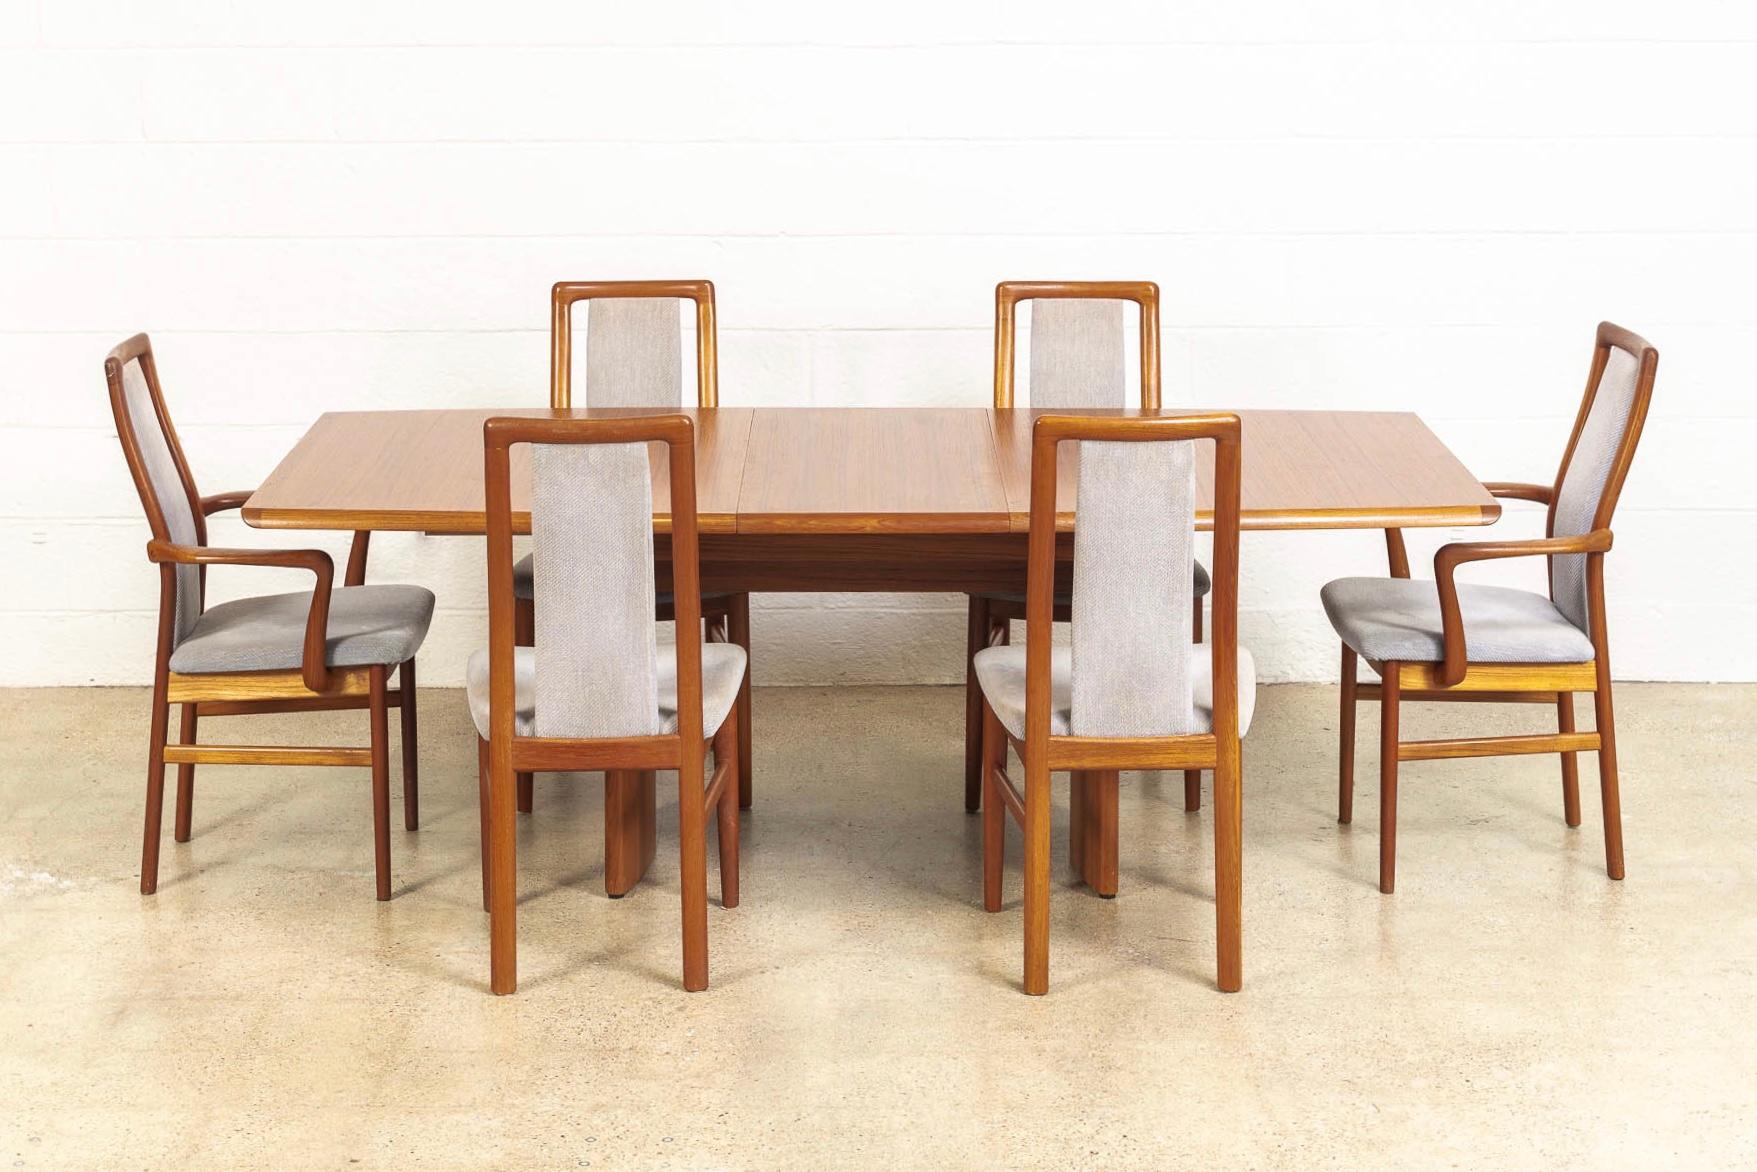 This vintage Mid-century Danish modern dining set includes six teak upholstered dining chairs and a teak expandable dining table made in Denmark by Vejle Stole O.G. Moebelfabrik, circa 1960. The set has an elegant Minimalist aesthetic and a clean,
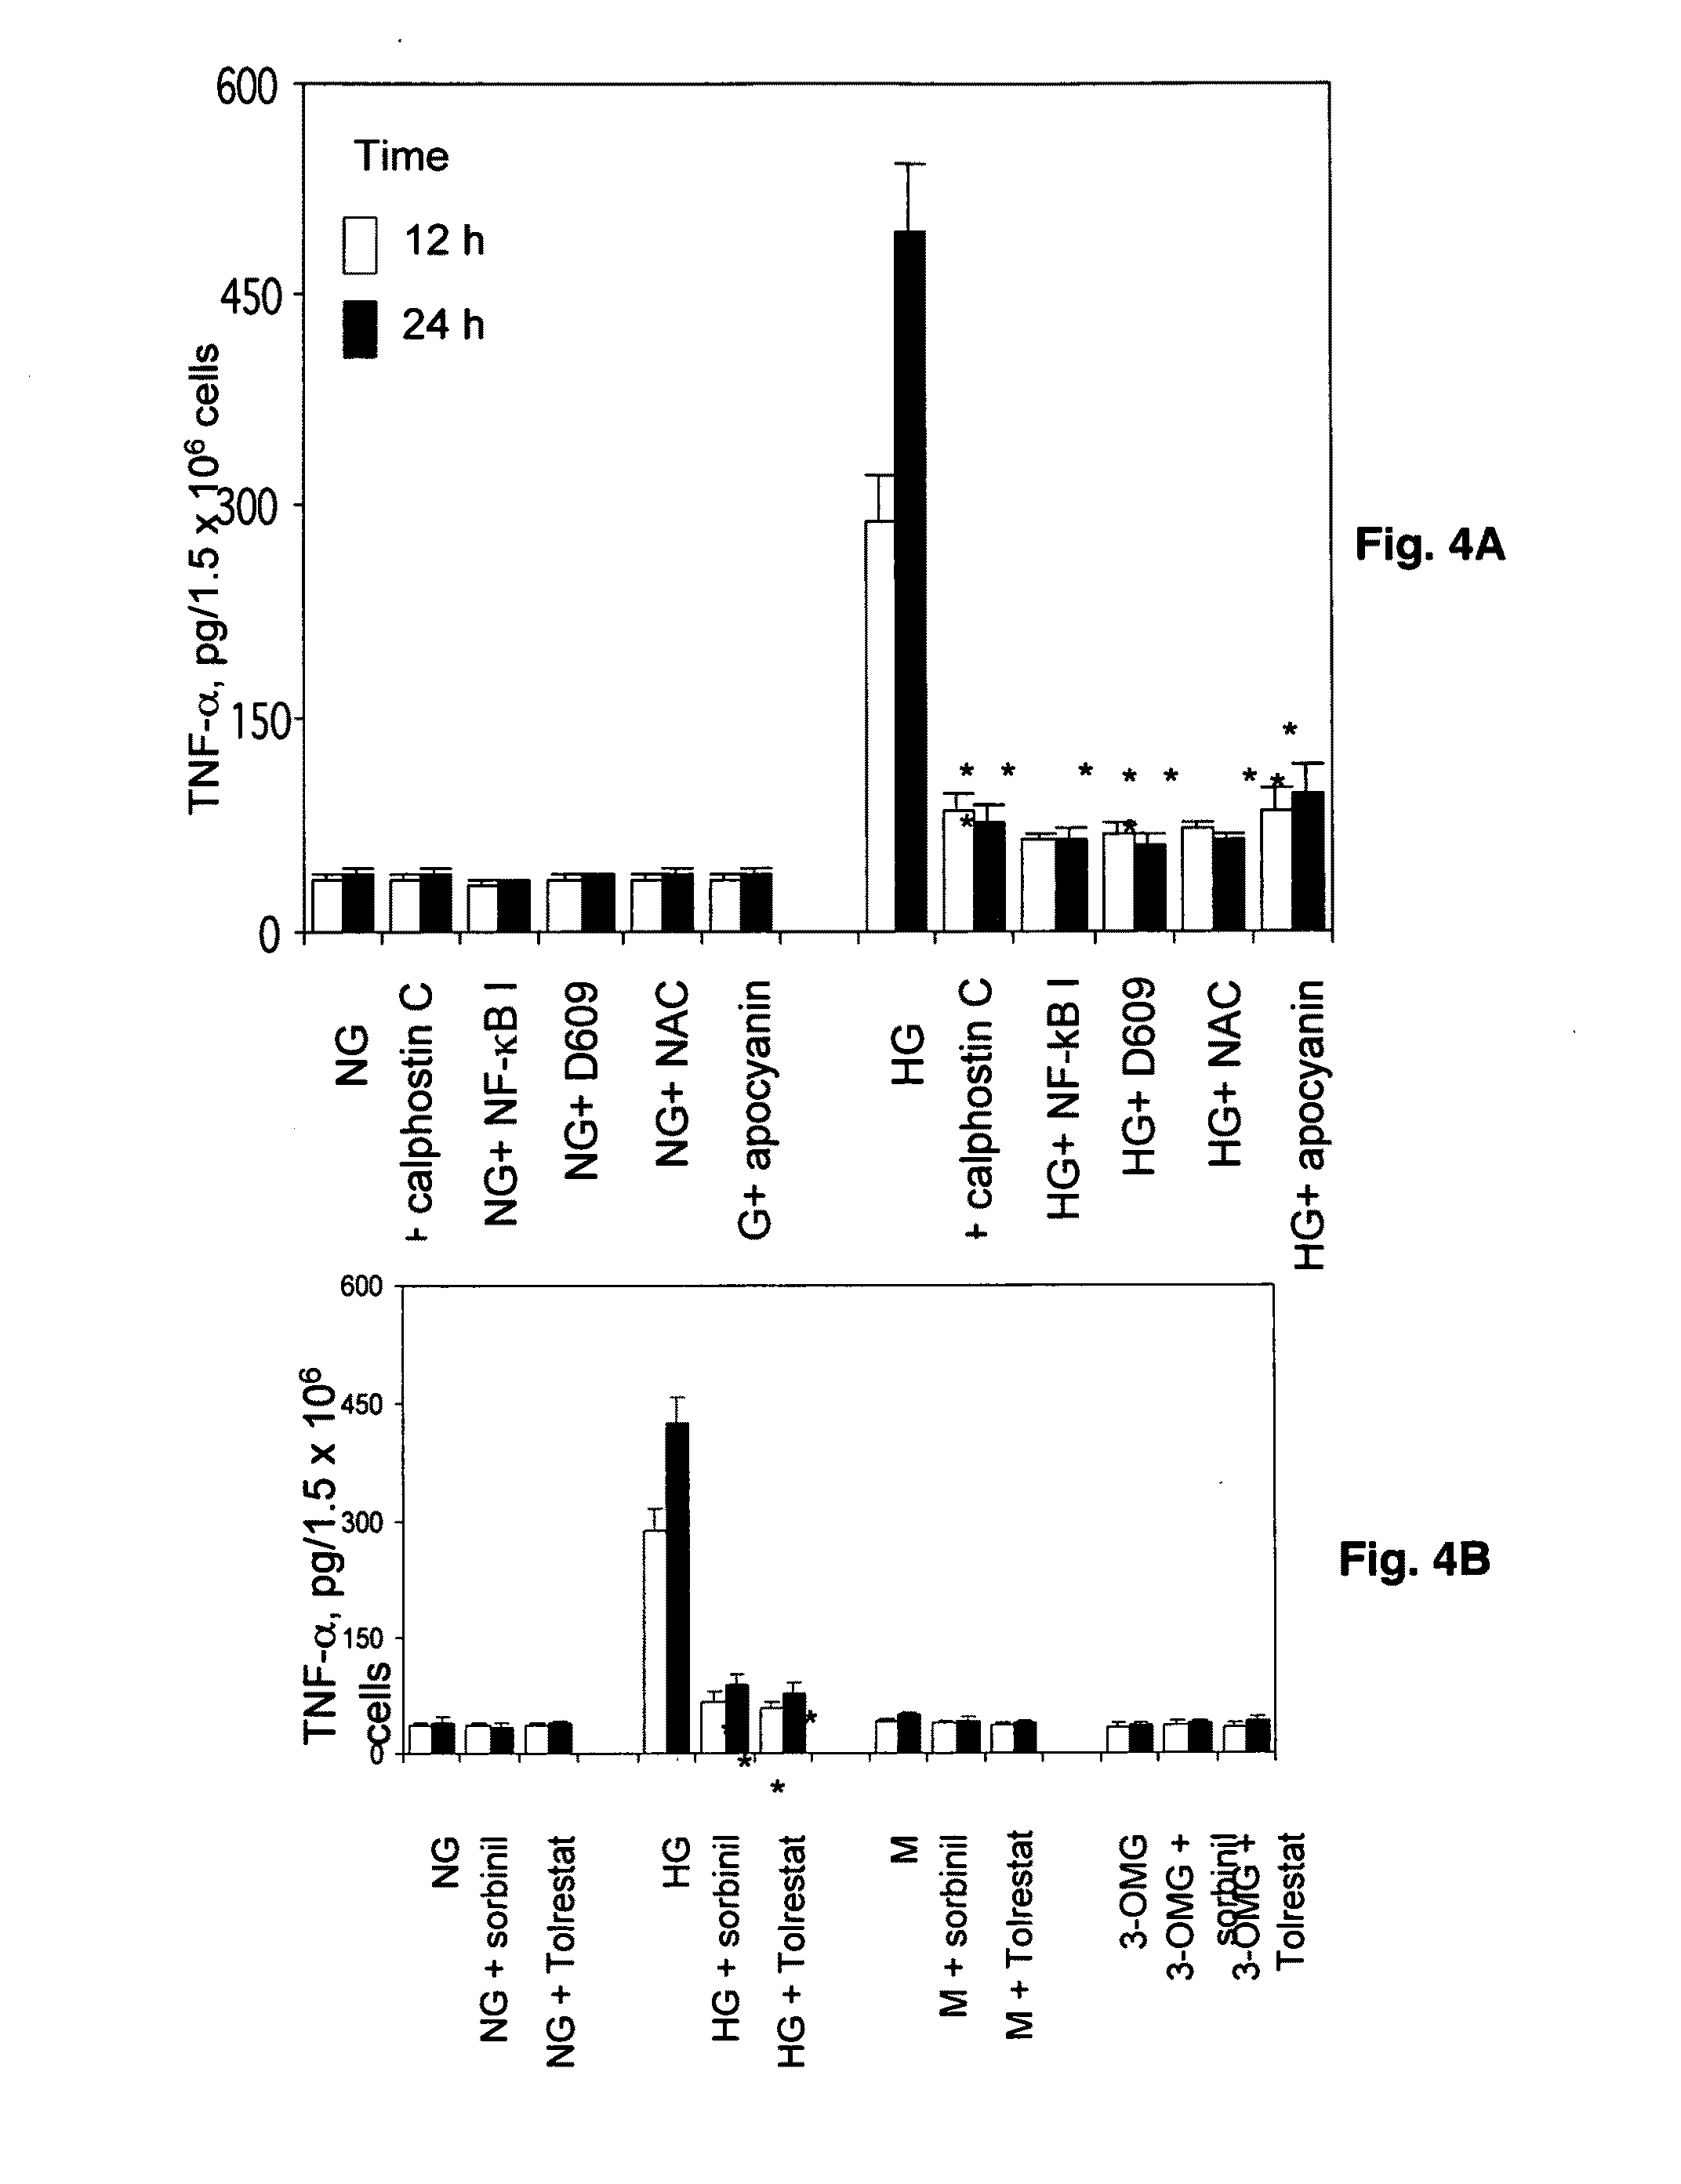 Treatment of cancer with aldose reductase inhibitors
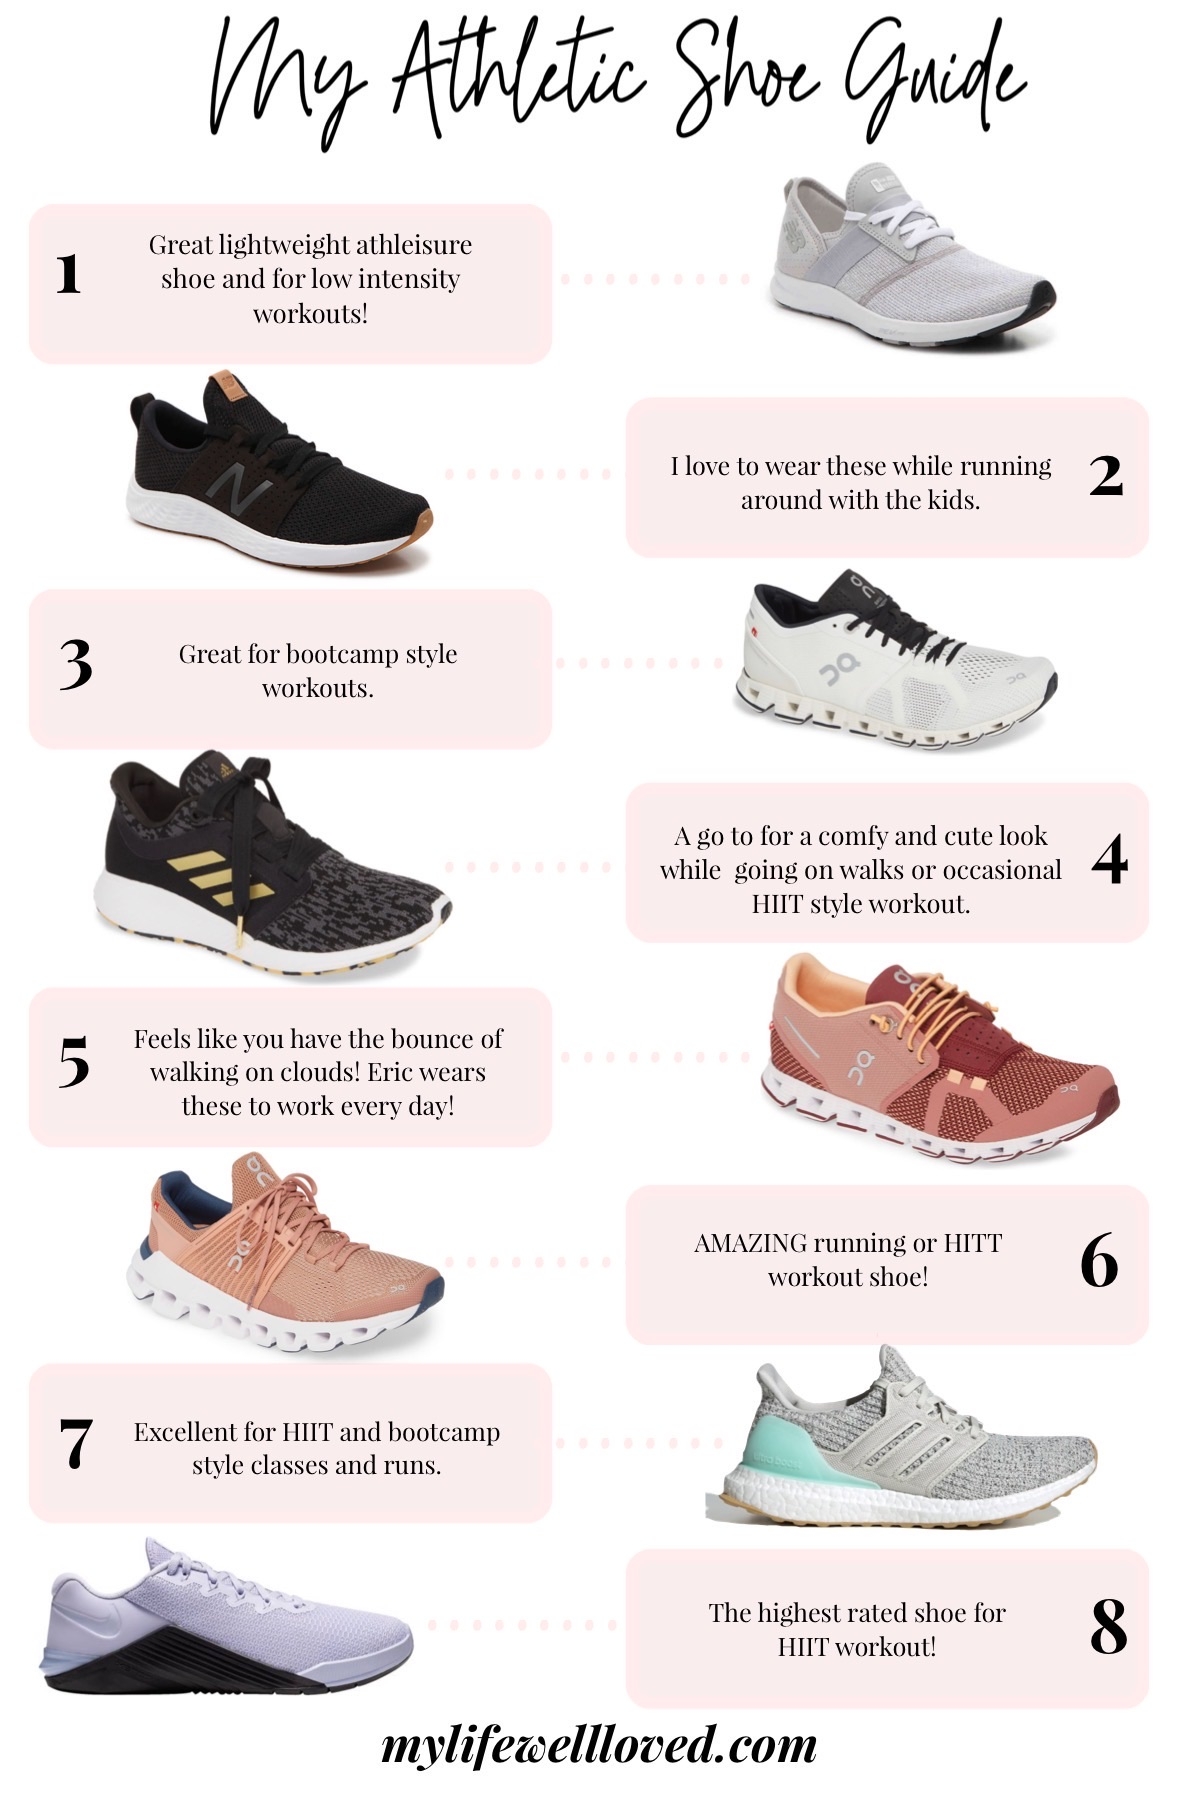 RoThe Best Athletic Shoes For Women - Healthy By Heather Brown

_Problem statement_
Could you copy the listing exactly, leaving out any pictures?

_Answer box_
 This vintage Mid-century Danish modern dining set includes six teak upholstered dining chairs and a teak expandable dining table made in Denmark by Vejle Stole O.G. Moebelfabrik, circa 1960. The set has an elegant Minimalist aesthetic and a clean,
 Treatment of cancer with aldose reductase inhibitors
 RoThe Best Athletic Shoes For Women - Healthy By Heather Brown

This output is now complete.